For $0\le s<t\le1$, the map
\begin{align*}
\Gamma_{s,t}:U&\to\mathbb R^n\times\mathbb R^n
\end{align*}
\begin{align*}
x&\mapsto (T_s(x),T_t(x))
\end{align*}
pushes $\mu_0$ forward to a coupling of $\mu_s$ and $\mu_t$. Hence, by the definition of $W_2$,
\begin{align*}
W_2(\mu_s,\mu_t)^2\le \int_U |T_t(x)-T_s(x)|^2\,d\mu_0(x).
\end{align*}
Since
\begin{align*}
T_t(x)-T_s(x)=(t-s)(T(x)-x),
\end{align*}
we obtain
\begin{align*}
W_2(\mu_s,\mu_t)\le (t-s)L.
\end{align*}
Applying this bound to the intervals $[0,s]$, $[s,t]$, and $[t,1]$, and then using the triangle inequality for $W_2$, gives
\begin{align*}
L=W_2(\mu_0,\mu_1)\le W_2(\mu_0,\mu_s)+W_2(\mu_s,\mu_t)+W_2(\mu_t,\mu_1)\le sL+(t-s)L+(1-t)L=L.
\end{align*}
All inequalities are therefore equalities. In particular,
\begin{align*}
W_2(\mu_s,\mu_t)=(t-s)L
\end{align*}
for every $0\le s<t\le1$. Thus $(\mu_t)_{t\in[0,1]}$ is a constant-speed $W_2$-geodesic.
[guided]
The key point is that the affine maps $T_t$ move every initial point $x$ along the straight line from $x$ to $T(x)$ at constant speed. To turn this particle picture into a Wasserstein geodesic, we first need to know that the endpoint map $T$ is optimal for the quadratic transport problem.

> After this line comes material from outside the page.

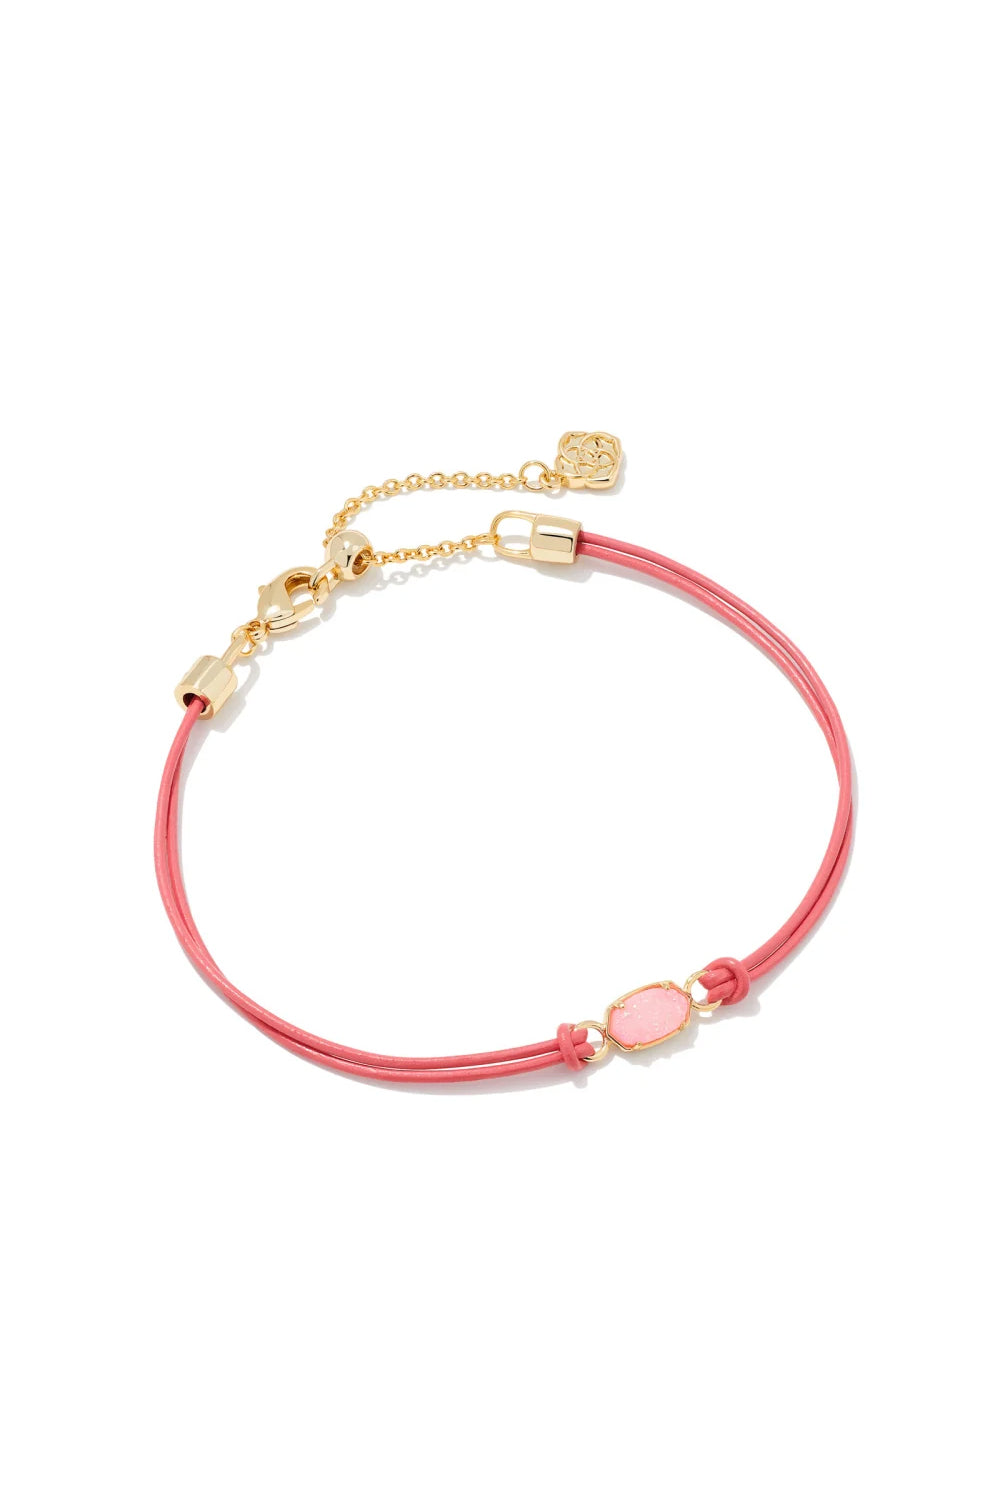 Kendra Scott: Emilie Corded Bracelet - Light Pink Drusy | Makk Fashions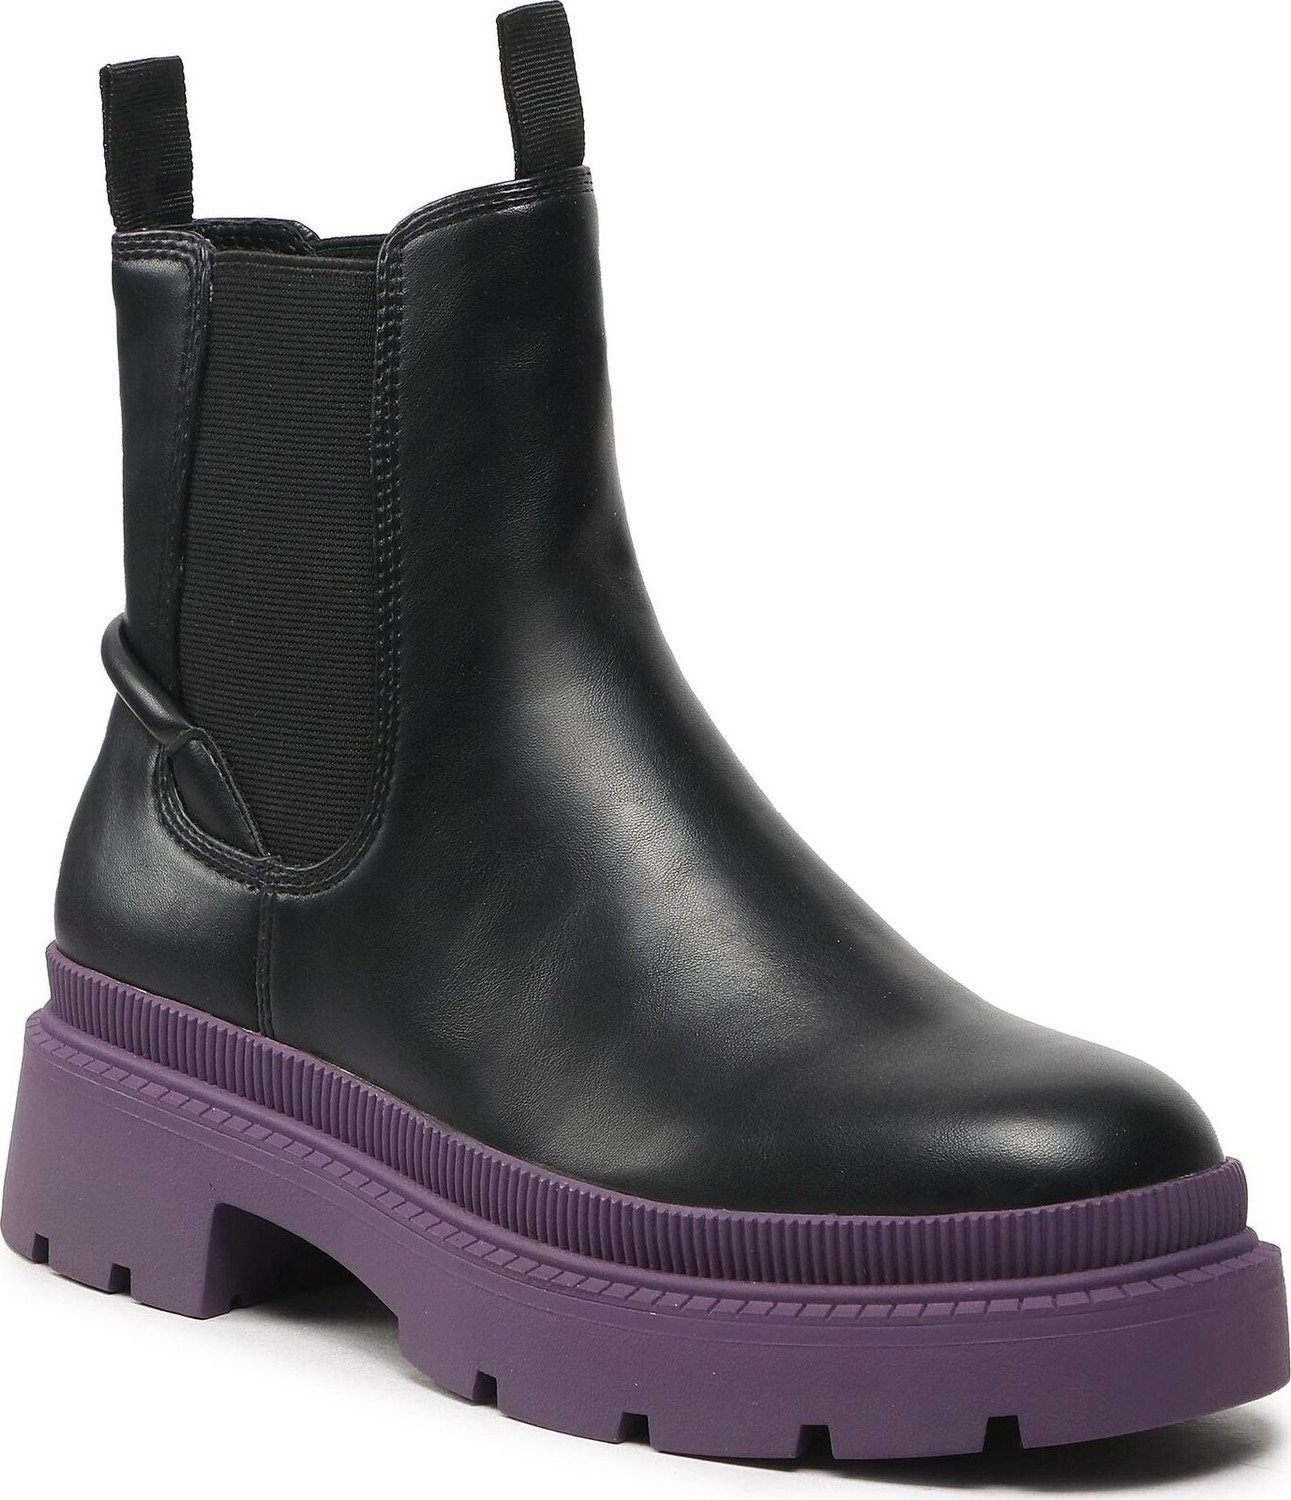 Kotníková obuv s elastickým prvkem Tamaris 1-25405-29 Black/Purple 058

Because $\mu_0$ is absolutely continuous with respect to $\mathcal L^n$, because $\psi$ is convex, because $T=\nabla\psi$, and because $T_\#\mu_0=\mu_1$, Brenier's theorem applies to the pair $(\mu_0,\mu_1)$ for the quadratic cost. Its conclusion is exactly that the transport plan induced by $T$ is optimal, so the transport cost induced by $T$ realizes the Wasserstein distance:
\begin{align*}
W_2(\mu_0,\mu_1)^2=\int_U |T(x)-x|^2\,d\mu_0(x).
\end{align*}
We define the endpoint length
\begin{align*}
L:=W_2(\mu_0,\mu_1).
\end{align*}
The integral above is finite because $\mu_0,\mu_1\in\mathcal P_2(\mathbb R^n)$ and $T_\#\mu_0=\mu_1$, so $x\mapsto |T(x)-x|$ is square-integrable with respect to $\mu_0$.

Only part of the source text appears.